= September 23, 2005, Jabalia Camp incident =

Deadly 2005 incident in the Gaza Strip related to the Israeli-Palestinian conflict

The September 23, 2005 Jabalia Camp incident happened when Hamas was holding a rally or a parade in the Jabalia refugee camp in the Gaza Strip, following the Israeli disengagement from Gaza. At least 19 Palestinians, both militants and civilians, were killed in what was described as an explosion or a series of explosions. At least two children were among the dead. Additionally, over 80 Palestinians were injured.

The origin of these explosions was disputed. Hamas described the incident as an Israeli airstrike. A Hamas spokesperson said, "I saw the missiles with my two own eyes and thousands of people saw these missiles coming". However, Israel denied having anything to do with the blast.

Officials of the Palestinian Authority (headed by Fatah) claimed that Hamas members accidentally caused the explosion. Hamas claimed the rockets displayed during the rally could not have exploded as they were dummies, not real rockets.

==Background and aftermath==
Prior to the incident (on the same day), Israeli forces raided a house in Tulkarem, West Bank, killing three Islamic Jihad members. Islamic Jihad responded by firing rockets on Israel, after which the IDF reportedly dispatched an Apache helicopter over Gaza. According to some Hamas members, that helicopter was the source of the airstrike on their rally in Jabalia.

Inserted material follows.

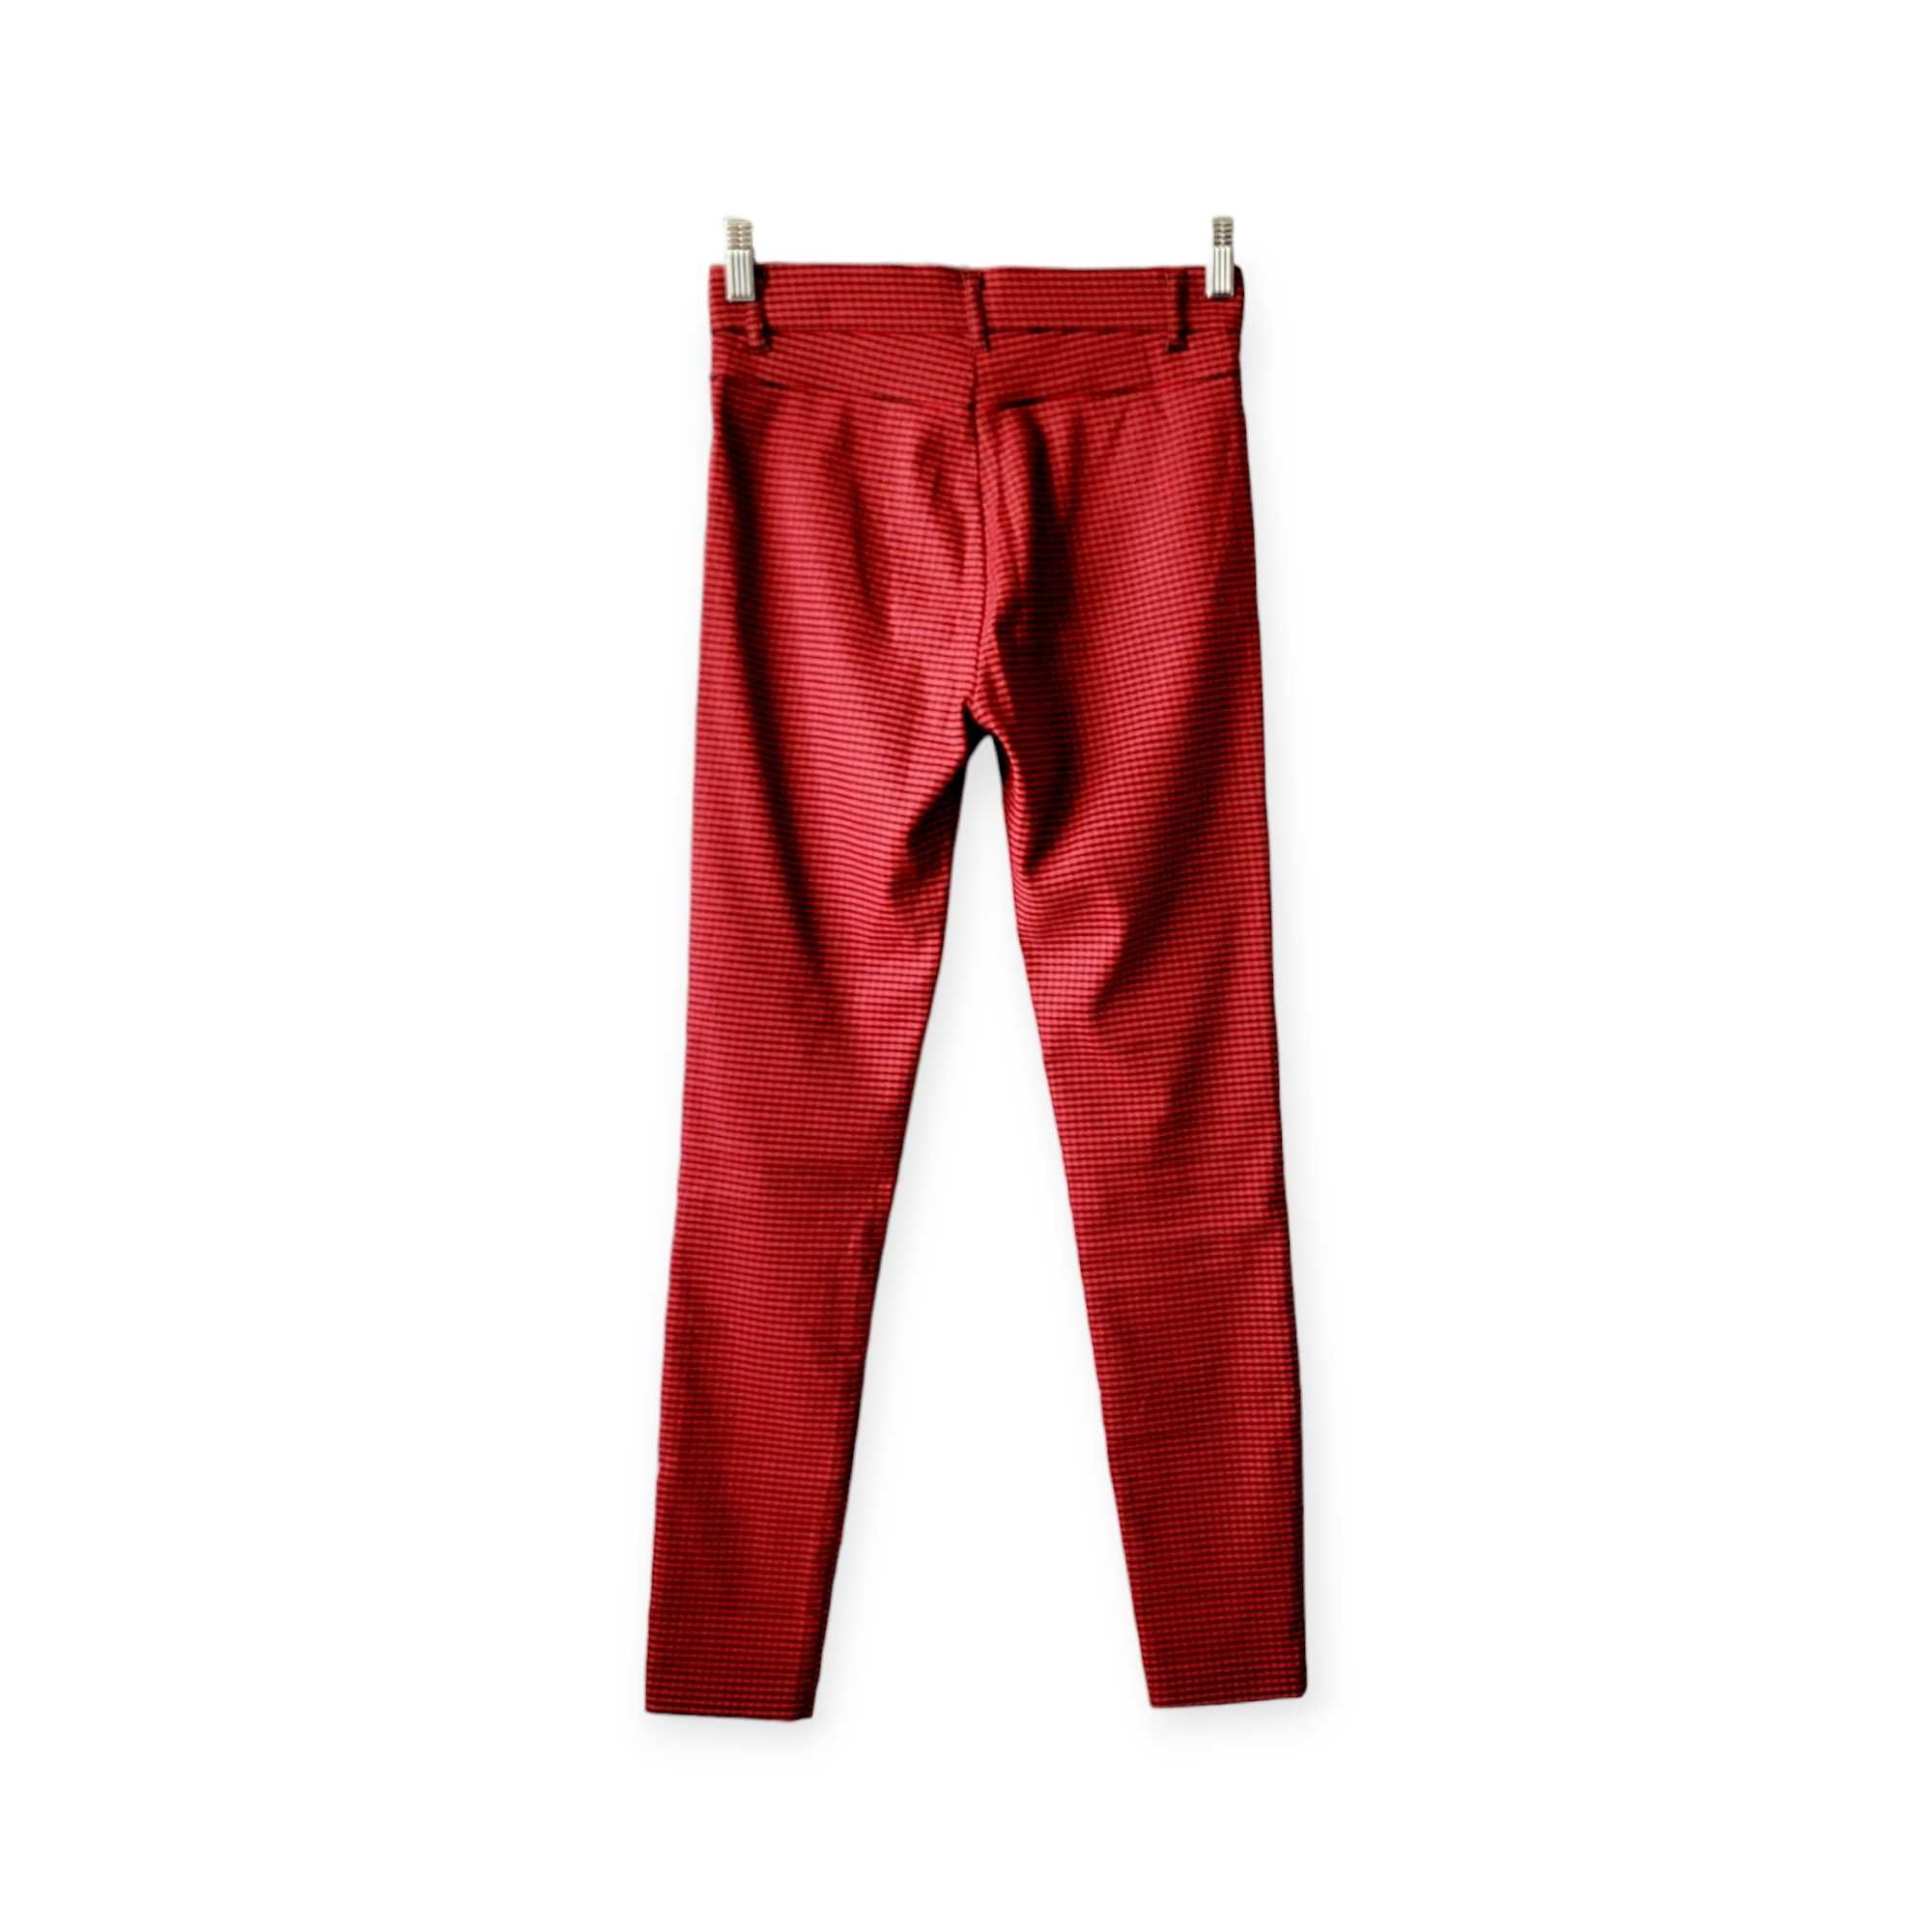 Czerwone czarne długie spodnie damskie S Zara wysoki stan w kratkę

After the incident, Palestinian militants fired rockets on Israel, wounding at least five Israeli civilians. Israel responded with numerous strikes on targets in Gaza, killing at least two Hamas militants and wounding at least 29 Palestinians, including civilians.

==Similar incidents==
In March 2006, Khaled Dahdouh of the Islamic Jihad was killed in a car explosion for which no group, Israeli or Palestinian, took responsibility. In this case no civilians were killed, although two people were injured.